■ Work order: Look below for lines that hold the string "Case" and copy each one.

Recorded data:

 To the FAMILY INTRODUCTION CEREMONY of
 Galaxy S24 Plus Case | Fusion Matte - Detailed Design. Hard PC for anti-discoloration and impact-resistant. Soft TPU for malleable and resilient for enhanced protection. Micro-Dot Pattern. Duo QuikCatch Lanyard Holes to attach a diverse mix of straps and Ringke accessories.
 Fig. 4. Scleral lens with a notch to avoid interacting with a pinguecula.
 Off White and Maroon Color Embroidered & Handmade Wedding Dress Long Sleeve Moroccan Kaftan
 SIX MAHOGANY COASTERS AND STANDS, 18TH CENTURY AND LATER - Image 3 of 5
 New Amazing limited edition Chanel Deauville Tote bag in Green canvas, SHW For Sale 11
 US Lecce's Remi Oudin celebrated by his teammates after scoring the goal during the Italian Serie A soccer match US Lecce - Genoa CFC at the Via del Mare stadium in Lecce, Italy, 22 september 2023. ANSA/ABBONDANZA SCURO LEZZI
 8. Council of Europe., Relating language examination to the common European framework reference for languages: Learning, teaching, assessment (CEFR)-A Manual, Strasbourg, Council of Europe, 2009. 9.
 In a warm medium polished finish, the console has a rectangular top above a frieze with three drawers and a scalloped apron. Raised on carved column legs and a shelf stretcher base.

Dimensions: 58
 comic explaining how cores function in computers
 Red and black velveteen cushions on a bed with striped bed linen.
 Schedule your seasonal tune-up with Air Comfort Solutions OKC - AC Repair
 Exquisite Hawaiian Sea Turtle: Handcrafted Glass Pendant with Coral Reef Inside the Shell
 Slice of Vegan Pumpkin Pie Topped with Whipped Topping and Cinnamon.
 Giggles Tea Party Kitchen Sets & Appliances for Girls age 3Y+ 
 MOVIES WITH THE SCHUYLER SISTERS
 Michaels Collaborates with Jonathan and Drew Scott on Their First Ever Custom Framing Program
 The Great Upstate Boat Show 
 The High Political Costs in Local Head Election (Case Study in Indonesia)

■ Written reply:
 Galaxy S24 Plus Case | Fusion Matte - Detailed Design. Hard PC for anti-discoloration and impact-resistant. Soft TPU for malleable and resilient for enhanced protection. Micro-Dot Pattern. Duo QuikCatch Lanyard Holes to attach a diverse mix of straps and Ringke accessories.
 The High Political Costs in Local Head Election (Case Study in Indonesia)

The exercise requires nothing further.